Denon AVR-2807 review: Denon AVR-2807


At the Consumer Electronics Show in January, we picked the Denon AVR-2807 as the show’s best home audio product. It wasn’t the boldest choice, sure, but unlike many of the show’s pie in the sky products that are vaguely sexy or potentially cool, the AVR-2807 arrived more or less on schedule and is delivered exactly what Denon promised. A little simpler than its big brother, the AVR-4306 everything but the kitchen sink, this receiver still offers a winning combination of impressive features, including HDMI switching and 480p conversion of analog video, automatic speaker calibration and support. integrated for XM satellite radio and Denon’s new iPod dock – sounds great too. In January we stated that the AVR-2807 “seems well positioned to offer the best value for money for your home theater in 2006”. Available for a very reasonable price of $ 1,100, the Denon AVR-2807 met this expectation to the letter.

Editor’s Note: Denon Electronics will not honor the warranty on Denon components purchased from unauthorized resellers or if the original factory serial number has been removed, defaced or replaced. If you are unsure of a particular online or physical retailer, call Denon at 973 / 396-0810.
The Denon AVR-2807 shares the understated design of Denon’s high-end siblings – it keeps most of the lesser-used controls tucked away under a flip-down panel. The receiver is nearly 17 inches deep and weighs nearly 31 pounds. It also emits a lot of heat, so we do not recommend placing the receiver inside a cabinet unless it is well ventilated.

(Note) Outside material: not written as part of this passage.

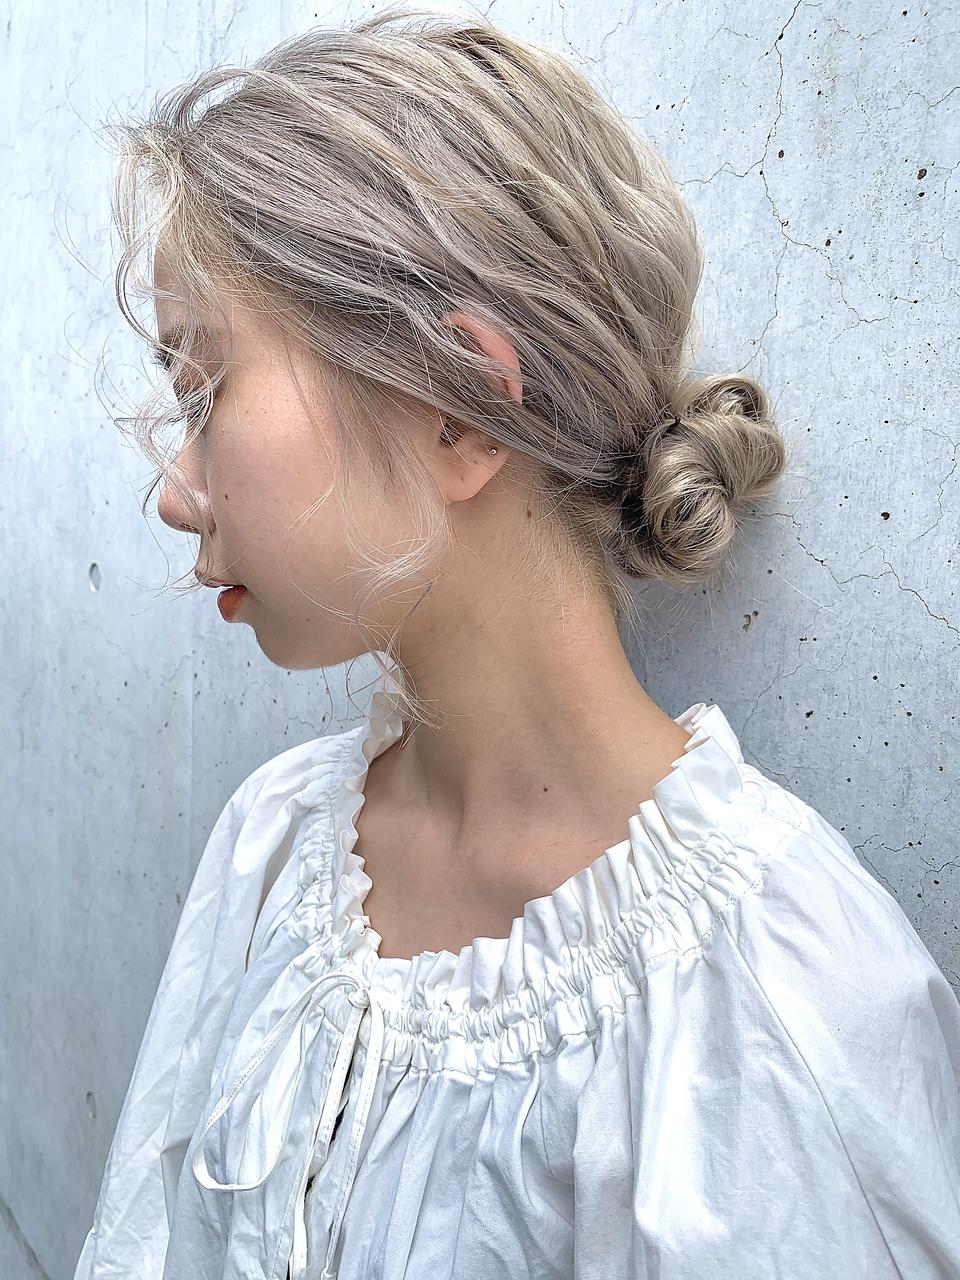 LAPENSEE beige 小島/ホワイティベージュ/シニヨンアレンジ

The AVR-2807’s large remote has enough space to deploy many different sized and colored buttons. It’s well organized and easy to use, and we actually preferred it to the touch-screen remotes found on some of the high-end Denon receivers (like the AVR-4306). The disappearance of touch screen menus and controls drove us crazy, but the AVR-2807’s buttons were always exactly where they should be.

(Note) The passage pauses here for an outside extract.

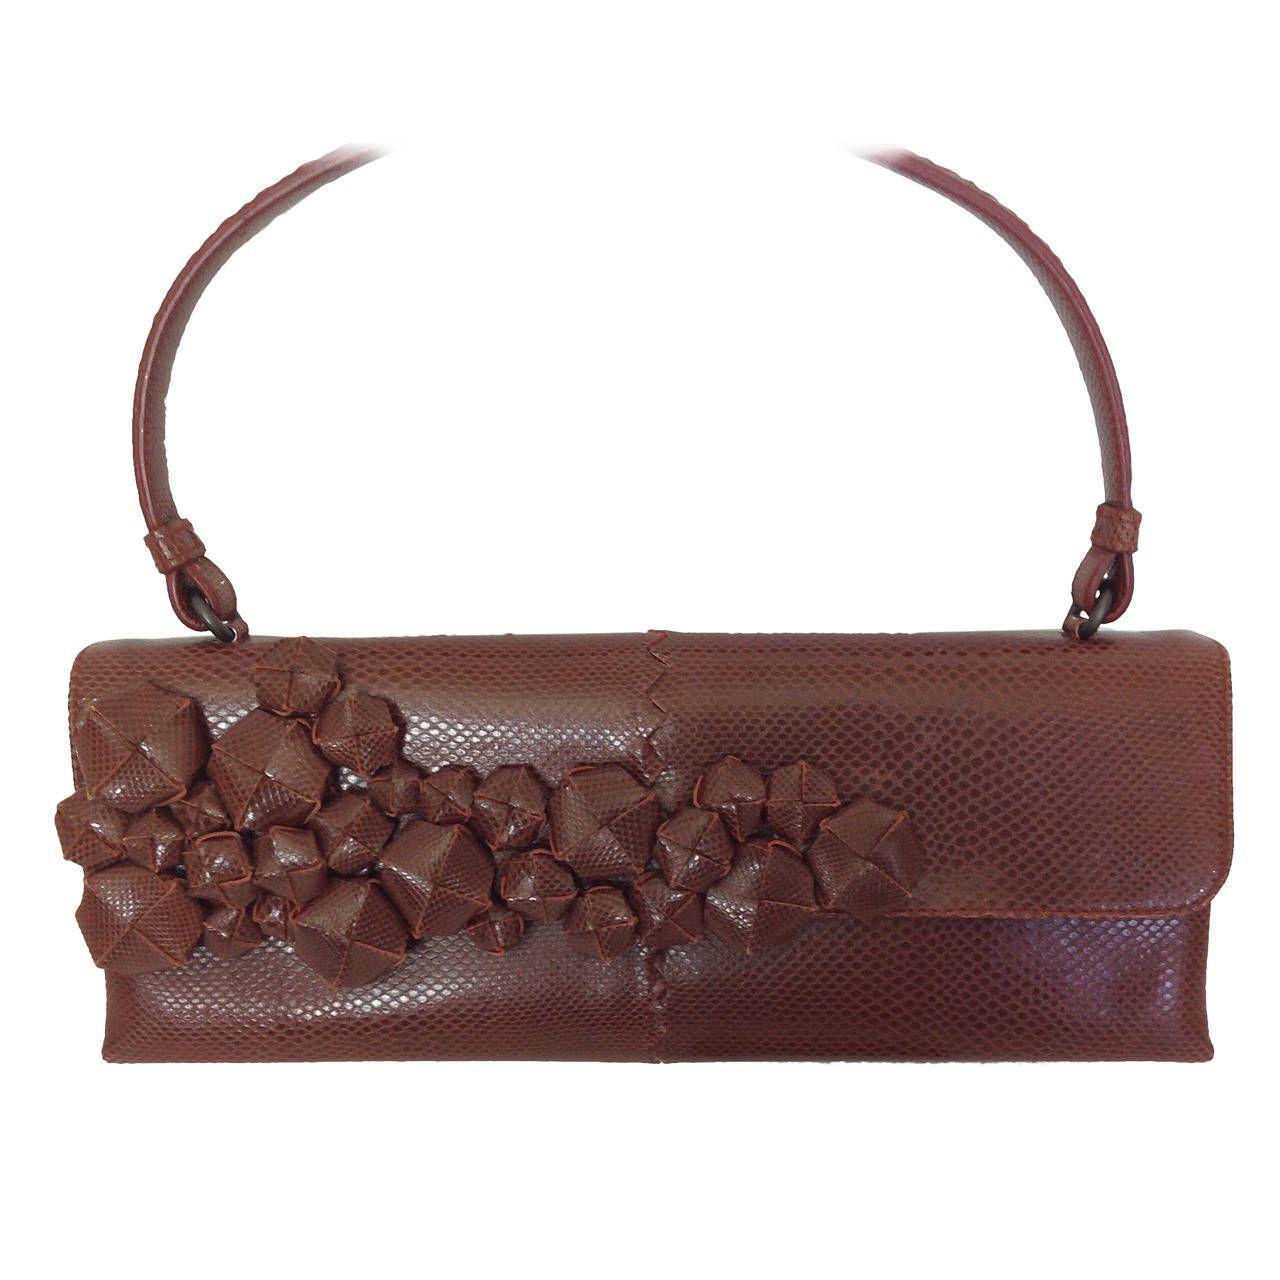 2a46d3af2e6 Cinnamon lizard Bottega Veneta handbag in 2018

Denon’s advanced Audyssey MultEQxt Room EQ auto setup system can enhance the sound for large groups of listeners. With the exception of determining the subwoofer level and the distance to the measurement microphone, the accuracy of the setup was excellent. Either the Denon engineers simplified the autosetup or we’re just getting used to it, but we did it all in 6 minutes versus the 20 minutes of the last Denon autosetup we reviewed (the AVR-4306). While we’ve had decent results with the Audyssey Room EQ (equalization) system in the past, for some reason, we haven’t been able to get much improvement this time around. If you take the time to go through the process a few times, you might get better results. Also, if you like to tinker with audio components, you could enjoy the “manual” EQ program and tweak the nine-band graphic controls to your liking. We did it and created a sound that suited our tastes. The Denon AVR-2807 is a seven times 110 watt receiver that offers a full selection of proprietary Dolby, DTS and surround modes. The connectivity options will meet the needs of even the most complex home theater installations – get a total of seven A / V inputs with S-Video. High-definition sources are also well served: three inputs can be switched to accept component video and two more can handle HDMI. Better yet, any analog source (composite, component or S-Video) can be converted to component or HDMI output at 480i or 480p resolution. The 480p progressive scan option is particularly important because it maximizes compatibility with HDTVs; many older models cannot accept a 480i video signal over HDMI.